Когда эта перебранка дошла «до слов яростных», раздались пушечные выстрелы. Заречные стреляли по Кожуховским, а те отвечали. Стреляли учебными бомбами — глиняными горшками, начиненными порохом. Однако прямое попадание такого орудийного снаряда в человека несло ему если не гибель, то тяжёлое увечье.

В тот же день, 27 сентября, состоялся и рыцарский поединок представителей воюющих сторон. Со стороны князя-кесаря Ромодановского выехал к лагерю Бутурлина славный поединщик и храбрый муж Родион Павлов, который «вызывал, яко древний славный греческий под Троею Аякс, себе на поединок такова храброго ж мужа и в делах таковых искусного».

Из бутурлинского лагеря на этот вызов выслан был Артемий Палибин, «муж в делах воинских и поединках храбрый и искусный». Родион Павлов наскочил на Палибина и выстрелил в него из пистолета почти в упор. Тот, испугавшись, «понеже единым точию воззрением Родионова лица страхом сердце его исполнися, устремился, даже и не вынув пистолета, в бегство, Родион же гнался за ним и бил по нём плетью и прогнал его в обоз неприятельский».

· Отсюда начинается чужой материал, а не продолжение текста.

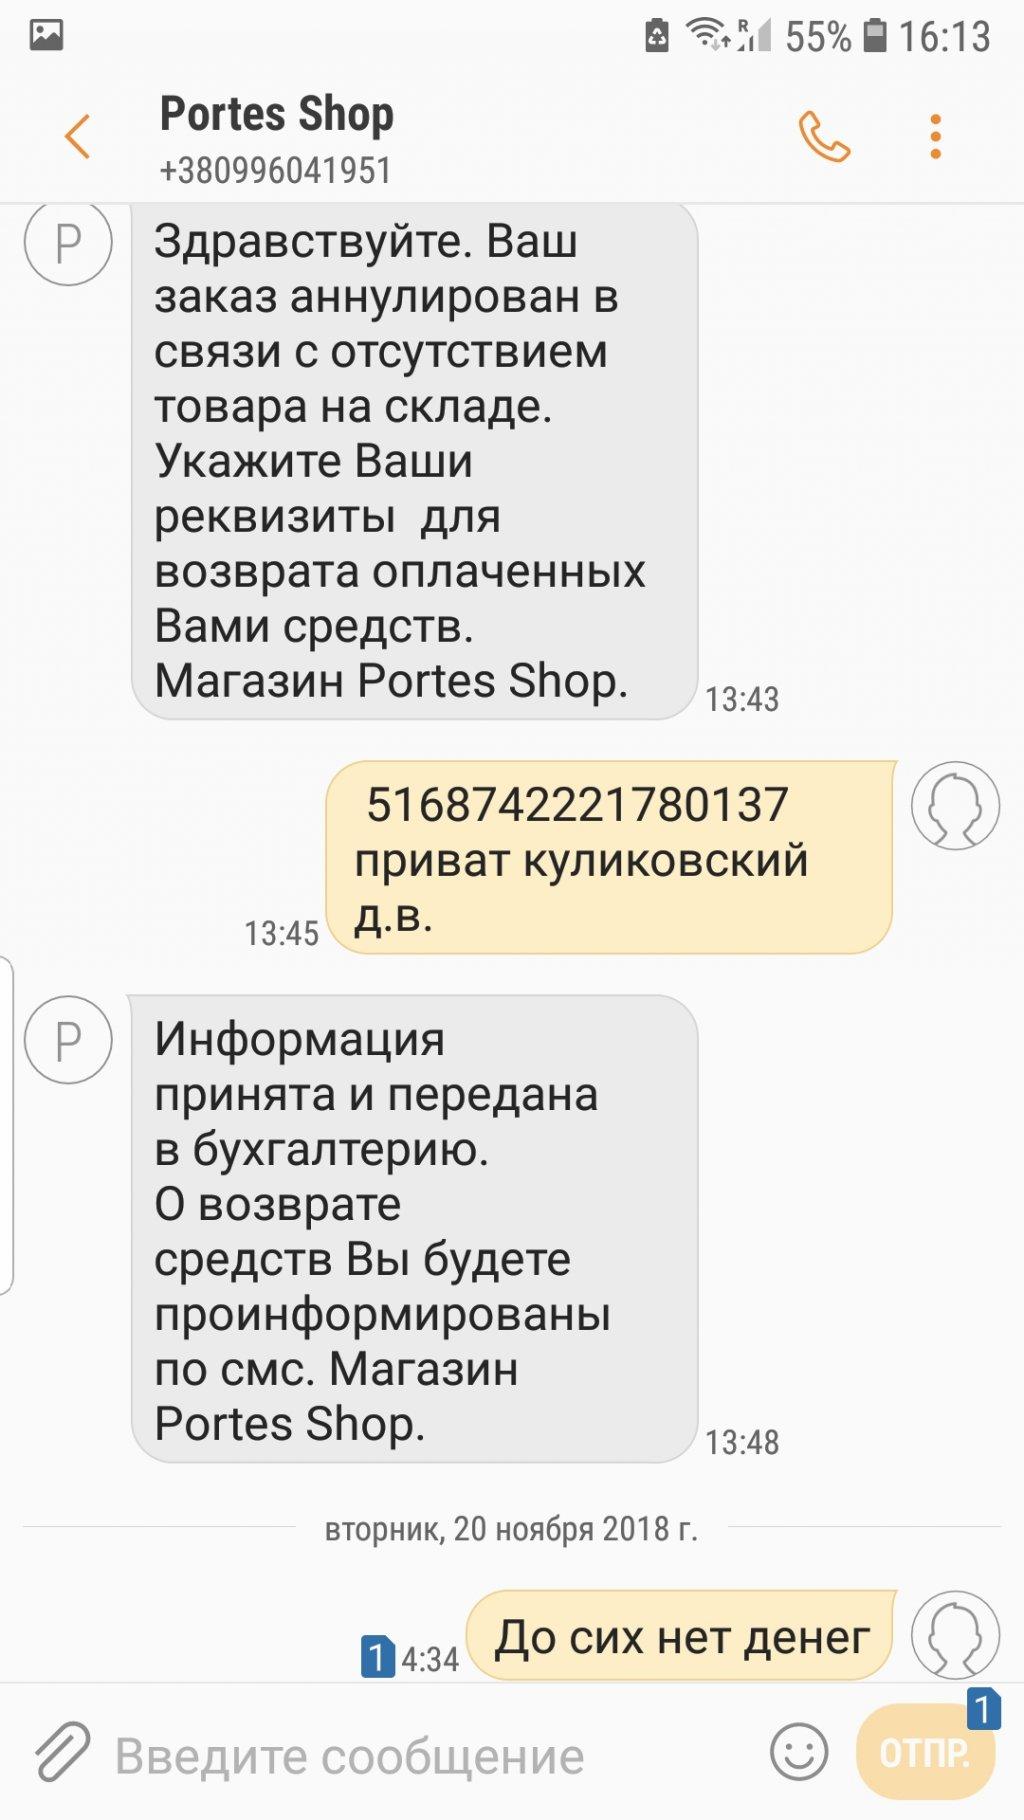 portes-shop.biz.ua интернет-магазин - Жду деньги

Собравшаяся на небольшом взгорке царская свита с интересом наблюдала за таким рыцарским поединком. Генерал Патрик Гордон не менее других смеялся от души от виденного, приговаривая сквозь слёзы:

   — Мой Бог! Разве храбрый солдат бежит от первого неприятельского выстрела?..

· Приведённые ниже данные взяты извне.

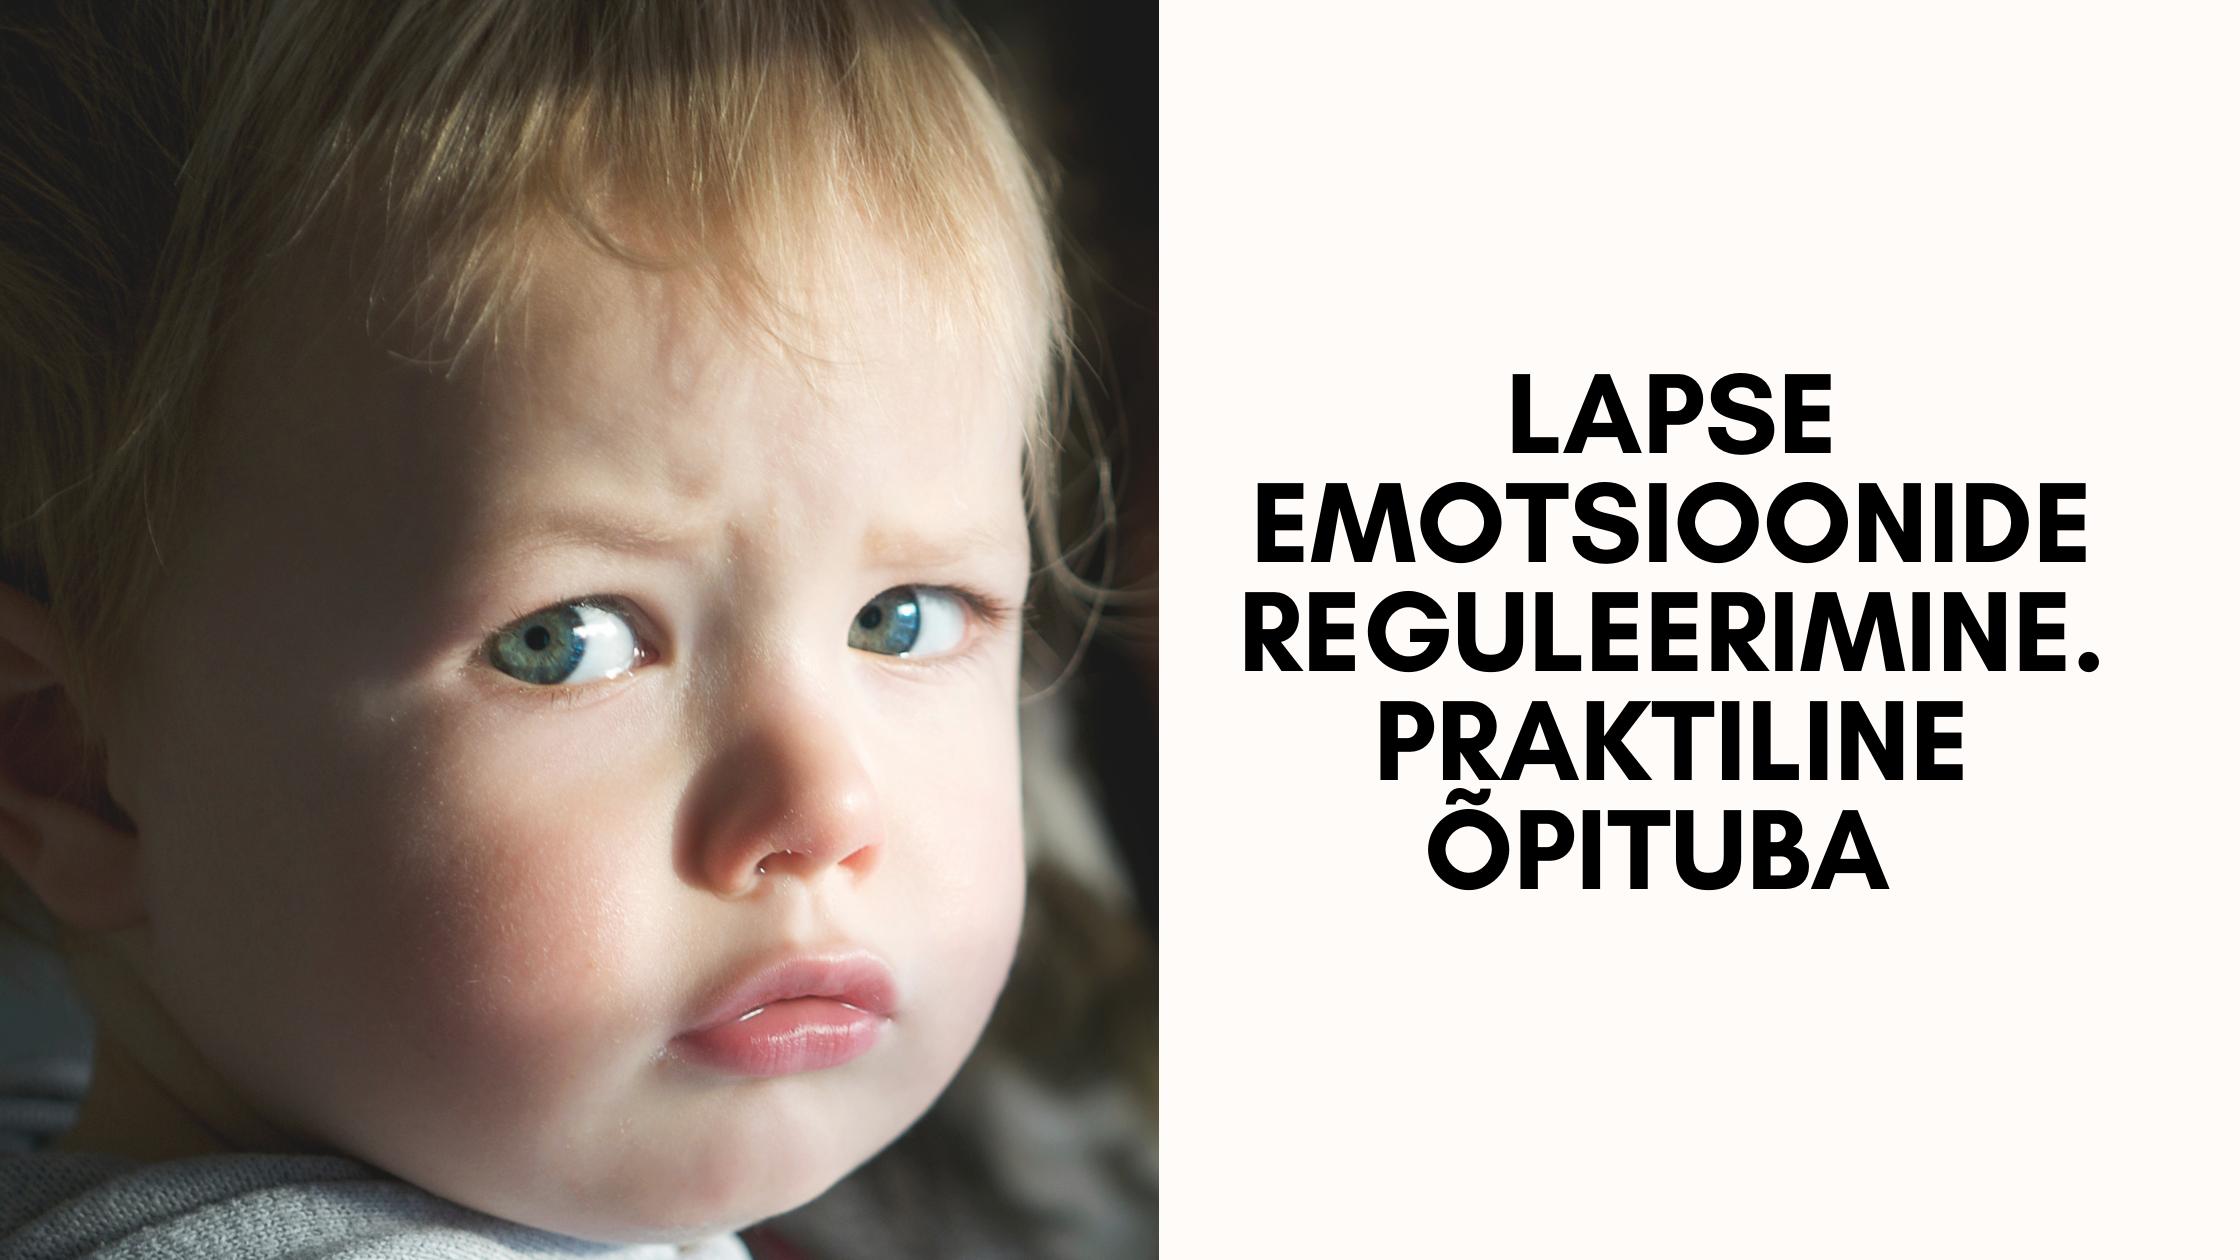 Lapse emotsioonide reguleerimine. Praktiline õpituba.

Затем воюющие стороны принялись устраивать полевые укрепления и ставить шатры для главнокомандующих. Велась разведка, отыскивались удобные переправы через Москву-реку, из лодок делались паромы для переправы пеших воинов и артиллерии.

Генерал Патрик Гордон, демонстрируя свои широкие познания в военно-инженерном деле, консультировал и своих, и чужих. Ромодановских стрелецких полковников он поучал со всей строгостью в голосе:

   — Для промерки дна реки надо послать конных людей, а не пеших...

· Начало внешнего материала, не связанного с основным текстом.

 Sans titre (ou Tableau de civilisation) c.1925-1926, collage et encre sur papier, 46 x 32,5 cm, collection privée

Своих ротных и батальонных командиров из «армии» князя-кесаря Ромодановского наставлял:

   — Помост на паромах делать за неимением досок из брёвен... На паромах устроить борта, а в них отверстия для малых пушек — будет крепость водяная, если конный неприятель набежит на переправу...

Солдатские и особенно стрелецкие начальники уважительно смотрели на учёного служилого иноземца. С пониманием кивали головами, когда тот между делом приводил примеры из неизвестных им войн. Генерал бутырцев не забывал вспоминать и своё былое:

   — Когда по царской воле под Чигиринской крепостью устраивали переправу на глазах войска великого визиря, то по моему приказу и собственноручному чертежу...





Военно-инженерные познания шотландца сослужили хорошую службу для «армии» князя Фёдора Юрьевича Ромодановского. В ночь на 28-е его полки под проливным дождём переправились через Москву-реку и закрепились на противоположном берегу после «драки» с войсками «польского короля» Ивана Ивановича Бутурлина. Бутырцы, набив себе немало шишек и получив ещё больше хороших синяков, оказались в числе победителей.

На следующий день стороны заключили между собой перемирие до 1 октября. В походных лагерях противников началось пиршество, благо запасов вина, пива и хмельного мёда имелось ещё предостаточно. В воздух палили из мушкетов и пушек. Пороха не жалели, поскольку никто из военачальников на это внимания не обращал. Больше всего палил из всего, что стреляло, сам царь, приговаривая:

   — На потешной войне жизнь должна быть как на настоящей. Пусть люди к пальбе привыкают.

Генерал Патрик Гордон, обычно пребывавший возле государя, прибавлял вежливо к сказанному:

   — Истинно сказано, ваше царское величество. Привыкнув к вражеской пальбе холостой, фейерверочной, солдат внимания на летящие пули и ядра обращать не будет. Не будет им кланяться на войне.

   — Верно говорено. Стрелять в лагерях всю ночь, пока в моей палатке пир идёт...

В первые дни учения «генералиссимус Фридрих», в миру начальник Преображенского приказа, вместе с бомбардиром-преображенцем Петром Алексеевым расположили свои войска в две полевые линии лицом к противной стороне. Бутырский солдатский полк вместе с потешным Семёновским, чьи синие кафтаны солдат и офицеров хорошо просматривались в поле, составили правый фланг позиции.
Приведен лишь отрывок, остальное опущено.